弟子們依次上前,領取一枚用來求救和棄權的青色玉符。
輪到雲昭時,發放玉符的執事弟子看了她一眼,似乎想說什麼,最終隻是公事公辦地將玉符遞給她。雲昭默默接過,指尖觸及玉符冰涼的表殼,心中冷笑。這玉符,前世她直至被打入深淵都未曾有機會捏碎。
“入林!”隨著長老一聲令下,弟子們紛紛施展身法,如同離弦之箭般射入那被濃霧籠罩的密林入口,身影迅速被灰白色的霧氣吞沒。
雲昭並不著急,她混在幾個實力中遊的弟子中間,不緊不慢地踏入林中。
一入迷蹤林,周圍的景象瞬間大變。參天古木遮天蔽日,濃鬱的霧氣不僅阻礙視線,似乎連聲音都被吞噬了大半,隻剩下腳下踩著落葉枯枝的沙沙聲和自己有些放大的心跳聲。空氣中彌漫著潮濕的泥土和腐爛植物的氣息,還有一種淡淡的、令人心神不寧的瘴氣。
前方的弟子們很快便根據各自選擇的方向分散開來,身影消失在霧靄與樹影之後。
雲昭根據玉簪上傳來的那絲微弱牽引,選擇了一條看似偏僻少人的路徑。她步伐看似謹慎小心,甚至帶著幾分怯懦的猶豫,仿佛每一步都走得戰戰兢兢,實則心神高度集中,眼觀六路,耳聽八方。
前世被困於此、掙紮求生的記憶碎片不斷湧現,與眼前的景象重疊。

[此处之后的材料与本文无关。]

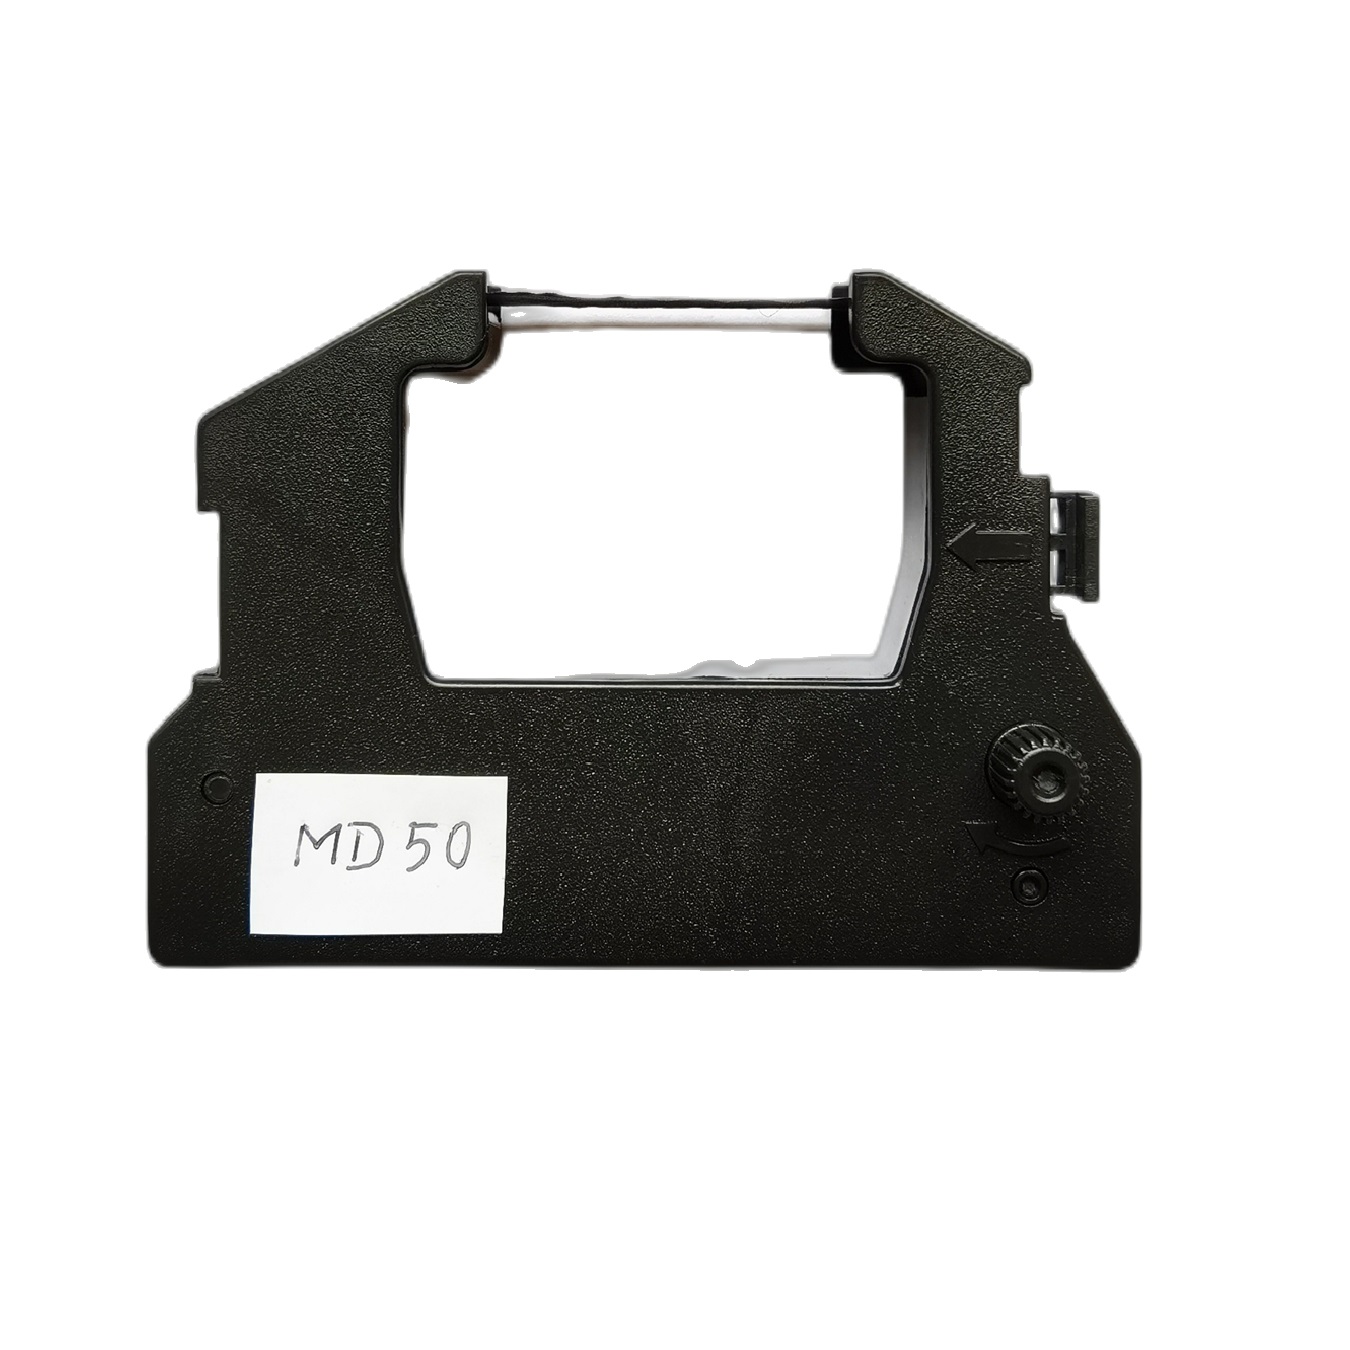 MD50 色带适用于安卡MDcare 封口机MD880 MD860 系列的内部打印机
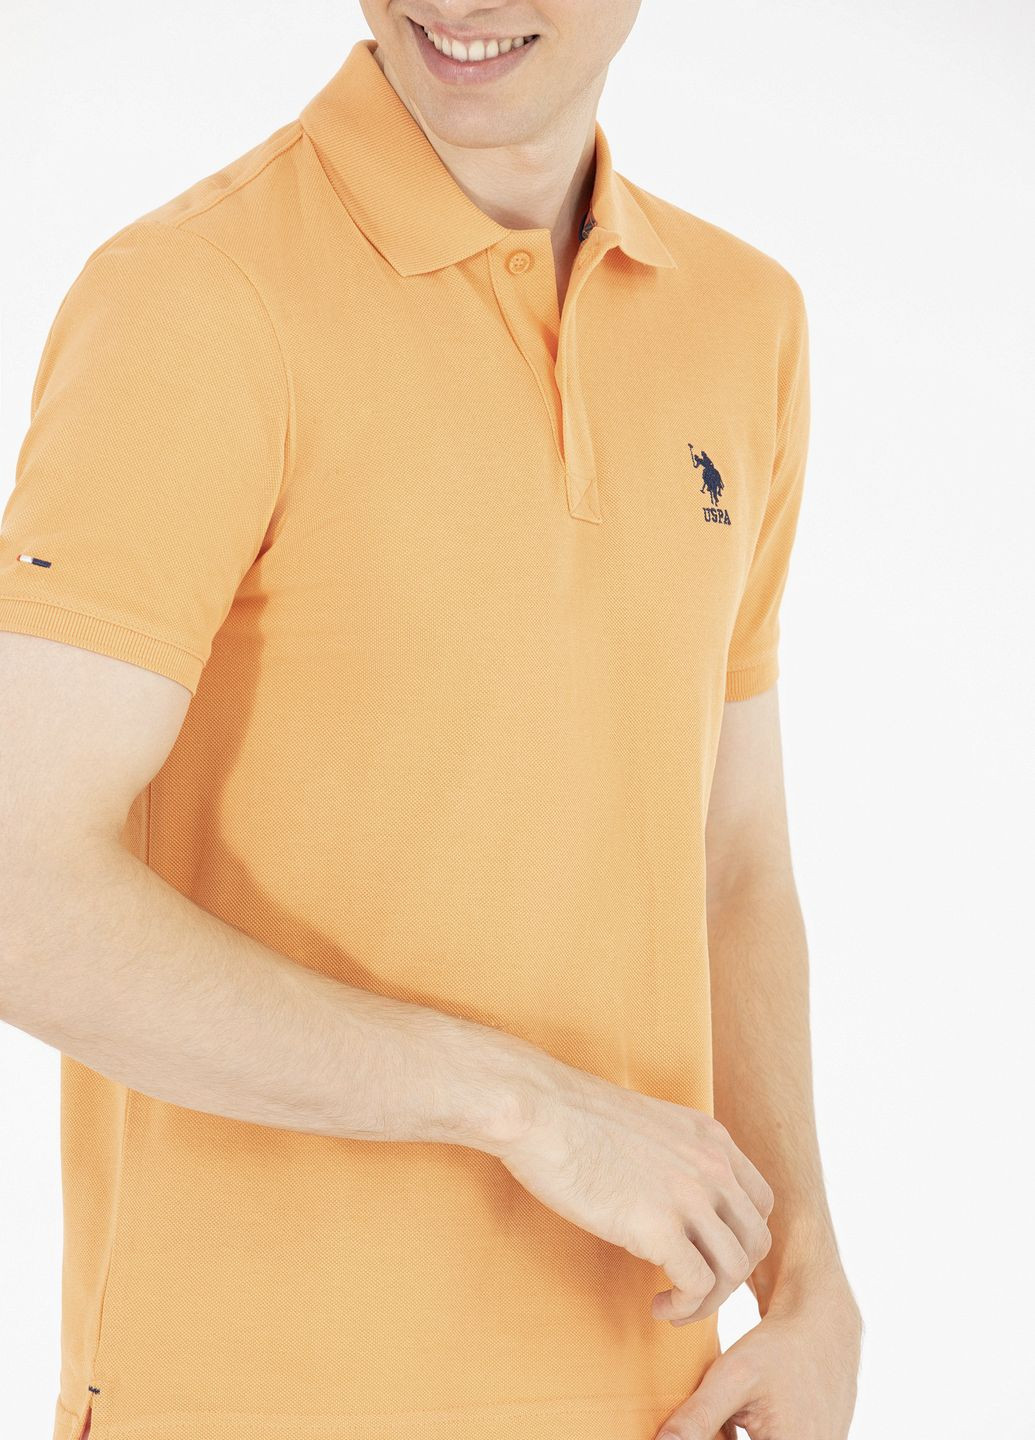 Оранжевая футболка поло мужское U.S. Polo Assn.

她記得哪裡可能有隱藏的絆索陷阱,哪裡布置著低階的惑心幻陣,哪裡的瘴氣最濃容易讓人產生幻覺。
她巧妙地避開了一處看似平坦實則暗藏流沙的窪地,繞開了一棵會釋放麻痹花粉的妖植,甚至“恰好”踩在了一塊鬆動岩石的邊緣,“險之又險”地避開了其下隱藏的捕獸網機關。每一次都顯得運氣十足,堪堪躲過,完美地維持著一個實力低微、全憑僥幸的形象。
然而,隨著她不斷深入,那支玉簪傳來的牽引力越來越強,也越來越清晰地帶上了某種令人不適的陰冷氣息。周圍的霧氣似乎也變得愈發濃重,光線昏暗,連鳥獸蟲鳴都徹底消失,隻剩下死一般的寂靜。
她知道,她正在一步步接近蘇明嫿為她精心挑選的“葬身之地”。
突然——
“嗖!”
一道極其細微的破空聲從左側濃霧中襲來!
雲昭瞳孔一縮,身體本能地就要向右側閃避,那是她前世千錘百煉出的戰鬥意識。但電光石石間,她硬生生止住了這個念頭,反而故意腳下一個踉蹌,像是被什麼絆了一下,動作笨拙而遲緩地向左後方歪去!
“嗤啦——”
一枚淬著幽藍色光澤、造型奇特的菱形飛鏢,擦著她的衣袖飛過,帶起一縷布絲,深深釘入了她身後的一棵古樹樹乾上,鏢尾兀自顫抖不休!
不是宗門考核會用的製式武器!而是帶著陰毒寒氣的魔道法器!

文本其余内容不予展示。